= YOUR INSTRUCTIONS =
For the data below, restate word for word only the lines from the line containing "Space frames and" through the line containing "IN A MYRIAD", both ends included.

Start of LISTED ENTRIES

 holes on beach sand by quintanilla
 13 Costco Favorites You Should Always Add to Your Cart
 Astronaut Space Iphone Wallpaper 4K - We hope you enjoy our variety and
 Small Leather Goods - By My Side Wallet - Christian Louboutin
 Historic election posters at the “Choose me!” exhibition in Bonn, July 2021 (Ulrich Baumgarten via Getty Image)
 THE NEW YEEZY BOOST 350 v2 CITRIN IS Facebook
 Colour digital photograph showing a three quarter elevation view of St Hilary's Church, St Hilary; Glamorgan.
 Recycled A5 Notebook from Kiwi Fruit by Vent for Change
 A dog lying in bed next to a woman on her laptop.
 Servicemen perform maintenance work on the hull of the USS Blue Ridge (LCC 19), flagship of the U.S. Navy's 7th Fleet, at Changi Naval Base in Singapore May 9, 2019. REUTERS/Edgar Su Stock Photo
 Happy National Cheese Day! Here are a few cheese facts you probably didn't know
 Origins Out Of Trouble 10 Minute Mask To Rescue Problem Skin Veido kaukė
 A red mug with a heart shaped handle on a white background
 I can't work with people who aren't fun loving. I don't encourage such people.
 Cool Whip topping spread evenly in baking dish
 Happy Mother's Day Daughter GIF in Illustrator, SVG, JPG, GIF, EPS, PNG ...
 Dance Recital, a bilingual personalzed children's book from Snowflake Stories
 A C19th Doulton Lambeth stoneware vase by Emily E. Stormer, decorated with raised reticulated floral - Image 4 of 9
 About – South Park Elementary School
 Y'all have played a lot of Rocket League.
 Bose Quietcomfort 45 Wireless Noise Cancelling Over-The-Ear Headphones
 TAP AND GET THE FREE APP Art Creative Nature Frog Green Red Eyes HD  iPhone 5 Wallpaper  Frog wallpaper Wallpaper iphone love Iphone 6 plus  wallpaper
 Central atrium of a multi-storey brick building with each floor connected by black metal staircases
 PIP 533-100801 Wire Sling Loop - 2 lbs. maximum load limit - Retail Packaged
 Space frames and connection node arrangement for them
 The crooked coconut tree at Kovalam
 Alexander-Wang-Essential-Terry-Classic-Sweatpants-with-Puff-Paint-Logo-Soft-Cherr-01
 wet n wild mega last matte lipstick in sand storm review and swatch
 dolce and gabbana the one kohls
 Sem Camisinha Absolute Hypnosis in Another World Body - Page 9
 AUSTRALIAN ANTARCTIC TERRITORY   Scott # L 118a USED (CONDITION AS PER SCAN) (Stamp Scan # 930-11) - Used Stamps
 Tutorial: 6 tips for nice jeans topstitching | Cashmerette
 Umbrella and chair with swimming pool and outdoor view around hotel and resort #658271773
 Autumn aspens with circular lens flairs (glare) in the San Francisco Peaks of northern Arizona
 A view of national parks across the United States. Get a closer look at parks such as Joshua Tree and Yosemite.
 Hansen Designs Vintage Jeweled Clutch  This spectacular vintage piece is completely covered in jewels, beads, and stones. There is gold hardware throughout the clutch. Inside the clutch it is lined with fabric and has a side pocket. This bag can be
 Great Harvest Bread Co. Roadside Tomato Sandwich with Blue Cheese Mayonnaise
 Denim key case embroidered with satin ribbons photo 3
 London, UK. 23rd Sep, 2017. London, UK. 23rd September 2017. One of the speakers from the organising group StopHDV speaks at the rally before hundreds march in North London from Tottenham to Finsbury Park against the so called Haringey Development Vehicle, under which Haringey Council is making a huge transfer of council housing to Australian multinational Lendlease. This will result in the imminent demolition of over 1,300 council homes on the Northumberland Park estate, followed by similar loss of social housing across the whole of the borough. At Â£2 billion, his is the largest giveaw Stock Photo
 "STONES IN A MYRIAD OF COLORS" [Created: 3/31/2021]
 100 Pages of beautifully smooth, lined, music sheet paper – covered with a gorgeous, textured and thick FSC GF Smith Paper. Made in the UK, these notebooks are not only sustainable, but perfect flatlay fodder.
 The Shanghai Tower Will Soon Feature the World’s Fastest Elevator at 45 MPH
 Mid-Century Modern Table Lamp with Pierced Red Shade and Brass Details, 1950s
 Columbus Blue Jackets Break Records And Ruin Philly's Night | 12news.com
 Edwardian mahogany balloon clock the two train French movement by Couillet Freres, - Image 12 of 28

End of LISTED ENTRIES

= RESULT FOR THIS EXERCISE =
 Space frames and connection node arrangement for them
 The crooked coconut tree at Kovalam
 Alexander-Wang-Essential-Terry-Classic-Sweatpants-with-Puff-Paint-Logo-Soft-Cherr-01
 wet n wild mega last matte lipstick in sand storm review and swatch
 dolce and gabbana the one kohls
 Sem Camisinha Absolute Hypnosis in Another World Body - Page 9
 AUSTRALIAN ANTARCTIC TERRITORY   Scott # L 118a USED (CONDITION AS PER SCAN) (Stamp Scan # 930-11) - Used Stamps
 Tutorial: 6 tips for nice jeans topstitching | Cashmerette
 Umbrella and chair with swimming pool and outdoor view around hotel and resort #658271773
 Autumn aspens with circular lens flairs (glare) in the San Francisco Peaks of northern Arizona
 A view of national parks across the United States. Get a closer look at parks such as Joshua Tree and Yosemite.
 Hansen Designs Vintage Jeweled Clutch  This spectacular vintage piece is completely covered in jewels, beads, and stones. There is gold hardware throughout the clutch. Inside the clutch it is lined with fabric and has a side pocket. This bag can be
 Great Harvest Bread Co. Roadside Tomato Sandwich with Blue Cheese Mayonnaise
 Denim key case embroidered with satin ribbons photo 3
 London, UK. 23rd Sep, 2017. London, UK. 23rd September 2017. One of the speakers from the organising group StopHDV speaks at the rally before hundreds march in North London from Tottenham to Finsbury Park against the so called Haringey Development Vehicle, under which Haringey Council is making a huge transfer of council housing to Australian multinational Lendlease. This will result in the imminent demolition of over 1,300 council homes on the Northumberland Park estate, followed by similar loss of social housing across the whole of the borough. At Â£2 billion, his is the largest giveaw Stock Photo
 "STONES IN A MYRIAD OF COLORS" [Created: 3/31/2021]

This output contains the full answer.